Here's an ag-related bill Rep. Kristi Noem should get on board with: H.R. 965, the Preservation of Antibiotics for Medical Treatment Act. This bill, from Rep. Louise Slaughter (D-NY), would reduce the public health threat of antibiotic-resistant bacteria by restricting the non-therapeutic use of antibiotics in livestock. Non-therapeutic—that means farmers aren't treating sick critters; they're just pumping drugs into their cows and pigs to make them grow faster.
According to FDA findings cited in the bill text, 80% of antibiotics disseminated in the United States in 2009 went directly into animals we eat. That distribution puts a lot of antibiotics into our rivers, lakes, and soil, where bacteria have ample opportunity to evolve resistance to our drugs.
Resistant bacteria already kill 70,000 people a year in American hospitals. Norwegian hospitals made significant progress against this problem by cutting their use of antibiotics. But when the ag-industrial complex pumps four times as many unnecessary antibiotics into the environment, hospital-based solutions alone aren't enough to combat this public health risk. If we want penicillin and tetracycline to keep working, we need to sharply reduce antibiotic use in agriculture and give bacteria fewer opportunities to mutate and beat our drugs.
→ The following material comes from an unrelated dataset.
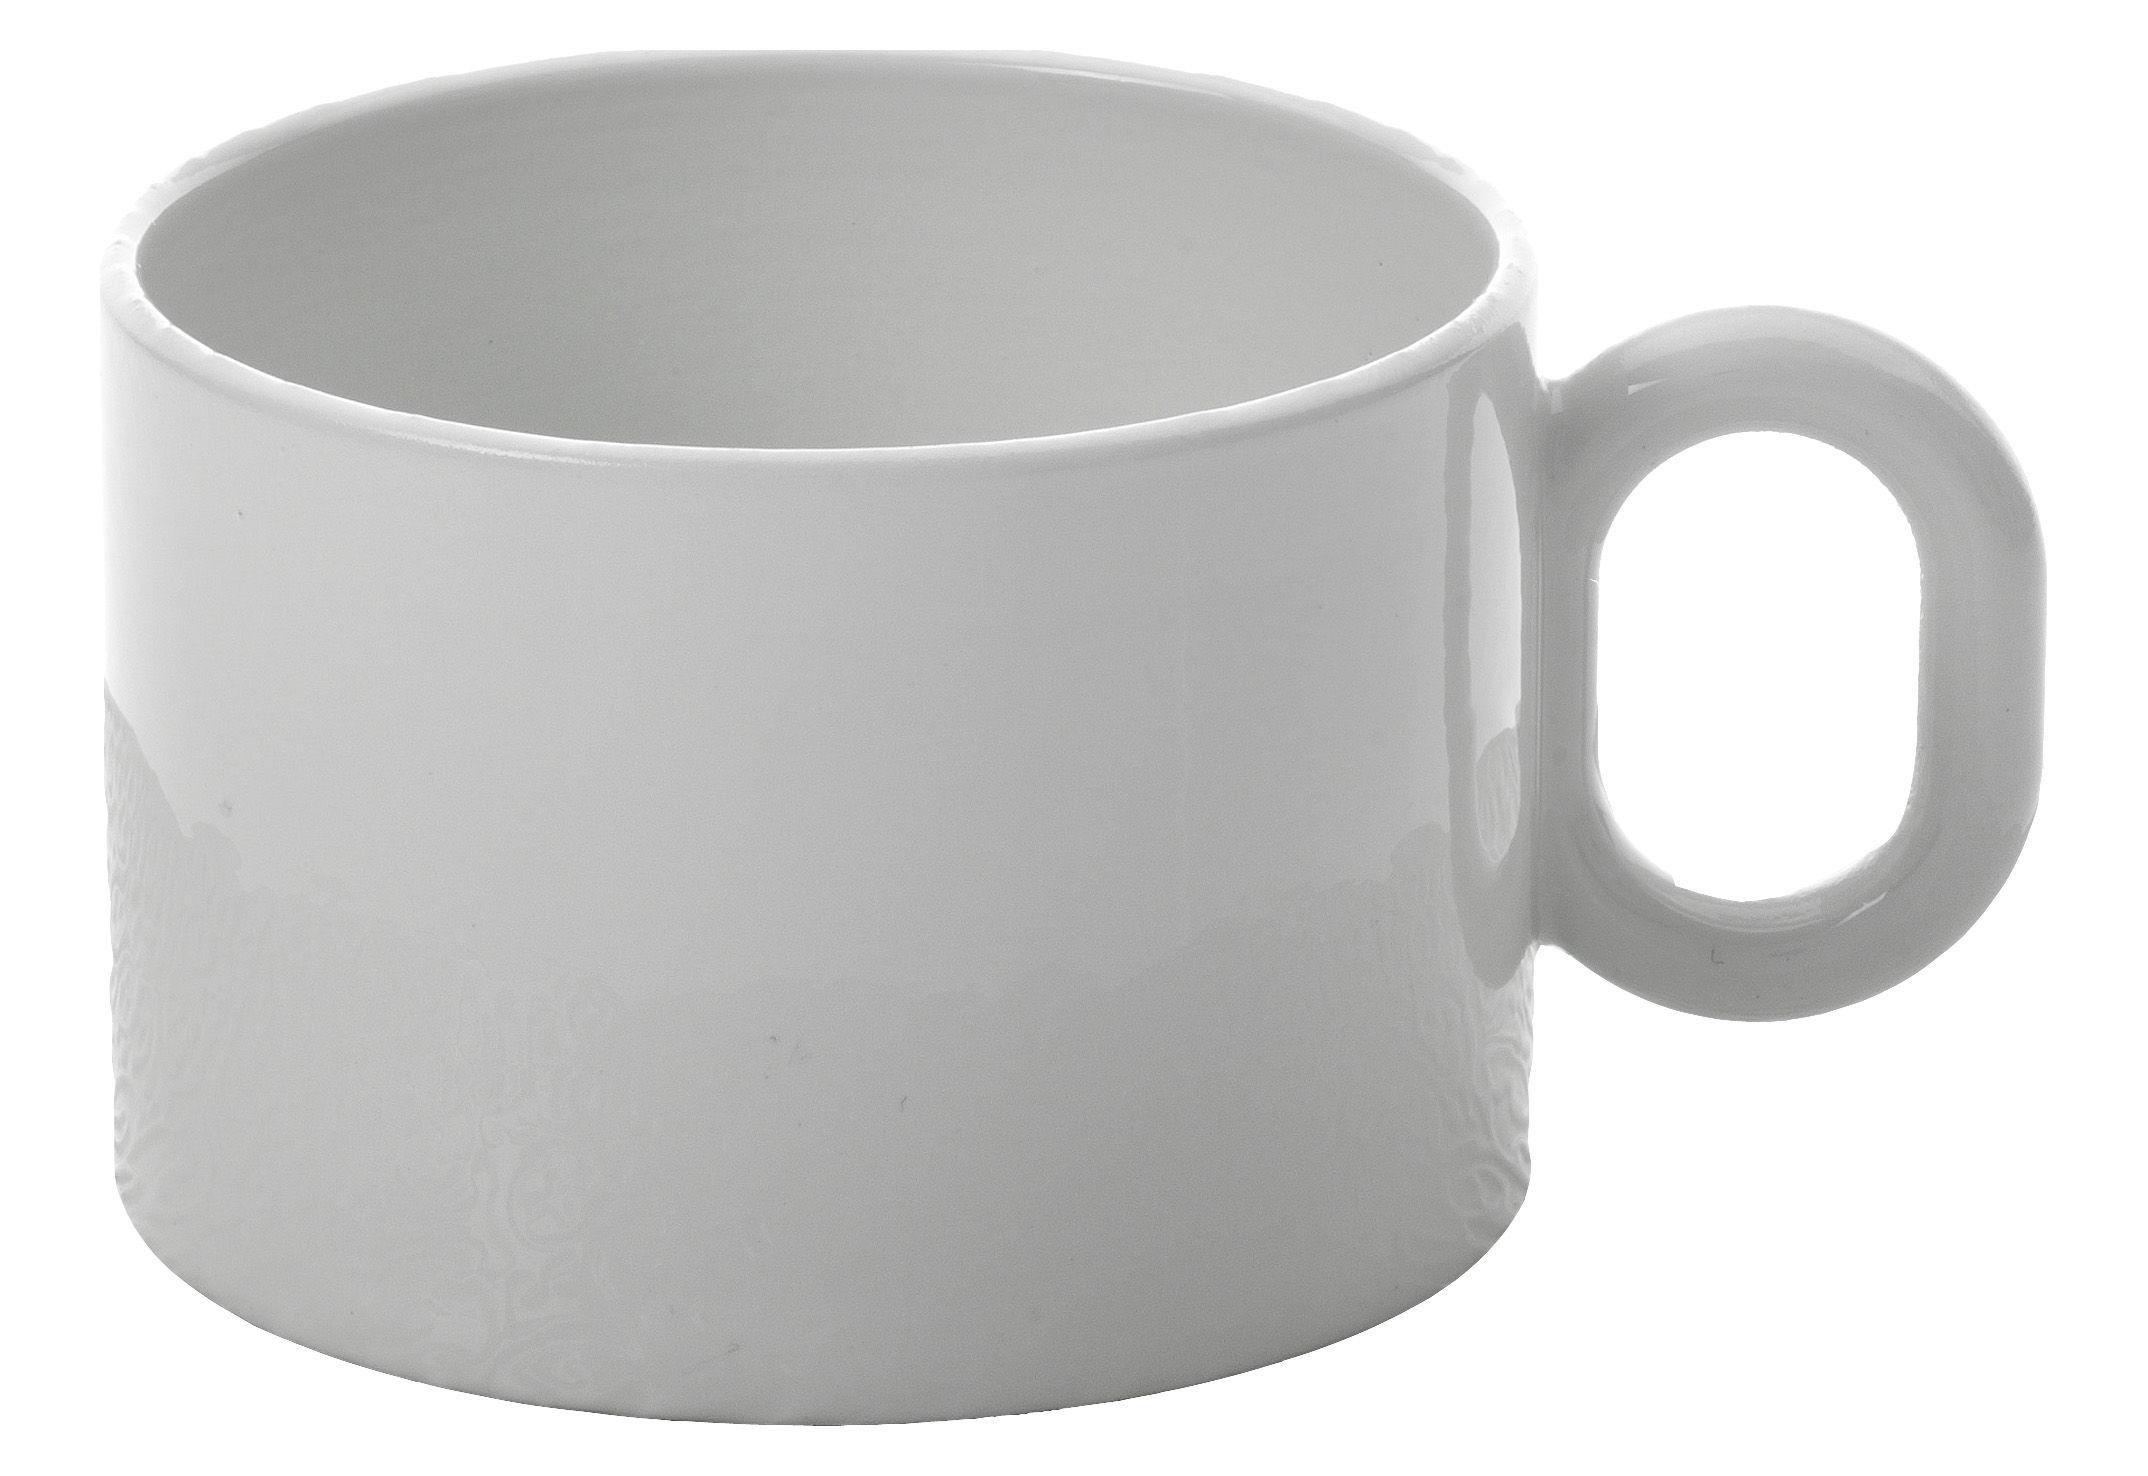 Tavola - Tazze e Boccali - Tazza da tè Dressed di Alessi - Tazza da tè - Bianco - Porcellana
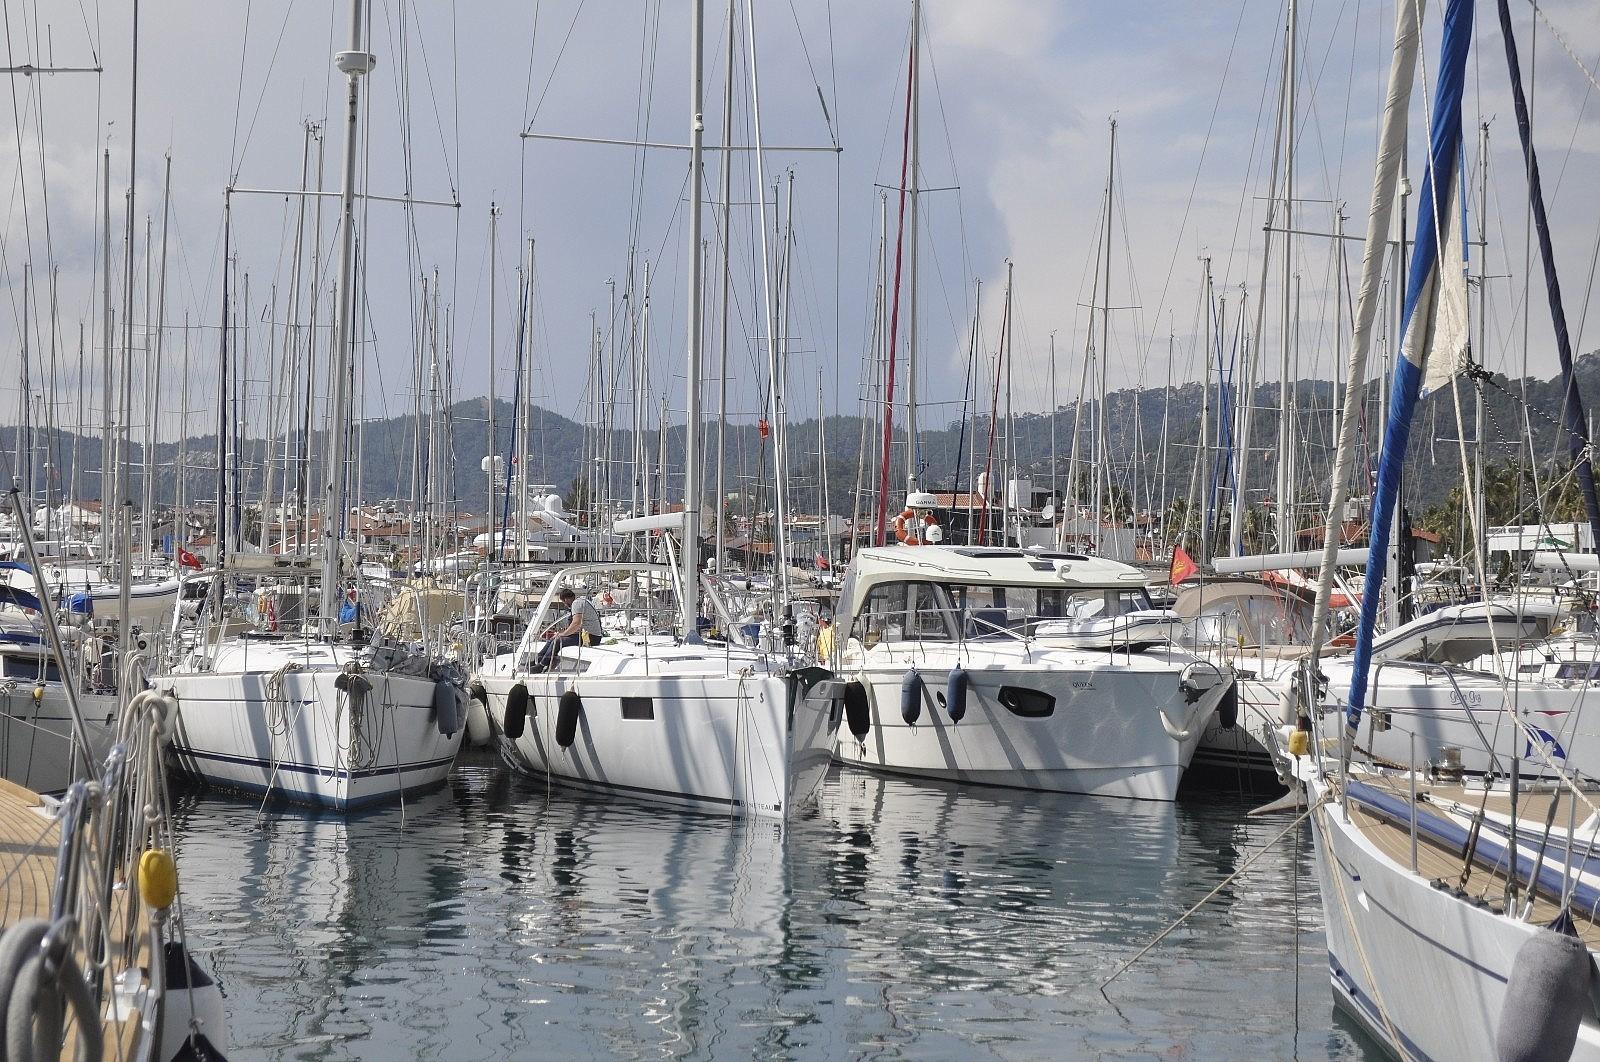 2021/04/luks-teknelere-karsi-olusan-ilgi-2021de-de-devam-ediyor-20210402AW28-1.jpg

The drug and ag lobbies will holler that antibiotics are essential to modern agriculture. However...
The experience of farmers in the European Union, where dosing animals with sub-therapeutic levels of antibiotics was banned in 1998, suggests otherwise. Denmark is the world's largest pork exporting country, and most of its hogs are raised in large confined operations much like those used by the U.S. pork industry. In that country, the overall use of antibiotics fell by 37 percent between 1994 and 2009, according to a study by Denmark's National Food Institute. Correspondingly, levels of resistant bacteria in animals and people plummeted, but production levels of meat either stayed the same or increased: The average daily weight gain per pig was actually higher in 2008 than in 1992 when antibiotics were routinely administered [Barry Estabrook, "You Want Superbugs with That?" OnEarth.org, 2011.05.27].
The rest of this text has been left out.